Cohen’s openness about his own addiction gives him credibility with desperate lawyers who don’t see a way out. Once that desperate lawyer was Cohen.

In 1986, Cohen got caught smuggling drugs into a client in jail. He was arrested and jailed before successfully completing six months in a residential treatment facility.

Getting caught saved his life.

“I don’t think I was that far away from dying of an overdose or committing suicide or being locked up for a long time,” Cohen says.

The year of his arrest, he moved to Miami and became a client of FLA.

“I can tell you from personal experience what it was like to walk into my first FLA meeting and realize I was not alone. I was in a roomful of judges and lawyers who had all dealt with it successfully.”

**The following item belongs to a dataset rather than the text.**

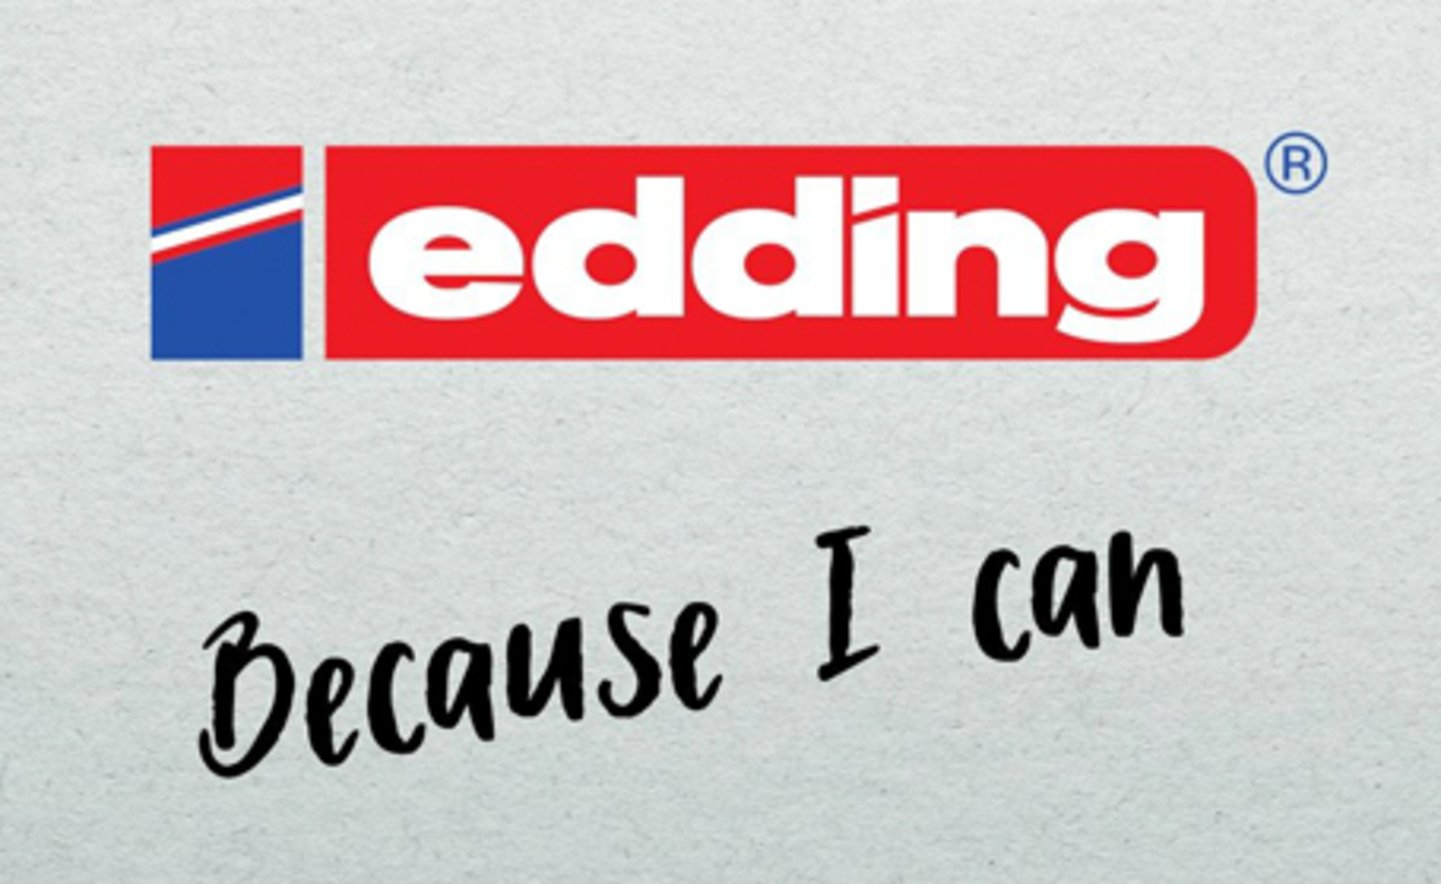 edding – Because I can

Weekly FLA support meetings have remained part of Cohen’s personal program since 1994, when he became a member of The Florida Bar on conditional admission, the year before he was hired to lead FLA.
“I still think I’m the poster child for conditional admission to the Bar. The program works, and thousands of lawyers practicing and serving clients and the community wouldn’t have the opportunity to do it without the Bar taking a proactive stance on rehabilitation and the bar examiners accepting conditional admission,” Cohen says.

After two dozen years of operation, FLA has opened a total of 3,675 formal cases. In just the past year, FLA has responded to more than 700 telephone calls and personal interviews with impaired lawyers, judges, and law students or their family members and colleagues.

Most calls to the hotline — 954-566-9040 — are not opened as formal files, but are referred to local 12-step and FLA support meetings, FLA certified mental health care providers, or a local FLA volunteer. You can get more information at FLA’s website: fla-lap.org.

I am proud that The Florida Bar has been one of FLA’s strongest supporters. About 60 percent of its funding comes from an annual allocation from the Bar, which amounts to about $5 a lawyer.

When Cohen recently returned from a meeting of the ABA Commission on Lawyer Assistance Programs, he was proud that FLA enjoys a national reputation as well-administered, with one of the lowest funded programs on a per capita basis. That is thanks not only to FLA’s dedicated six-person staff in Ft. Lauderdale, but to nearly 400 volunteer lawyers around the state who work with lawyers in crisis and act as mentors.

Almost 70 percent of cases opened during the past year resulted from voluntary contacts.

“That’s important,” Cohen says. “I’d love to put myself out of business on the discipline side. Our primary mission is to get involved before lawyers get in trouble.”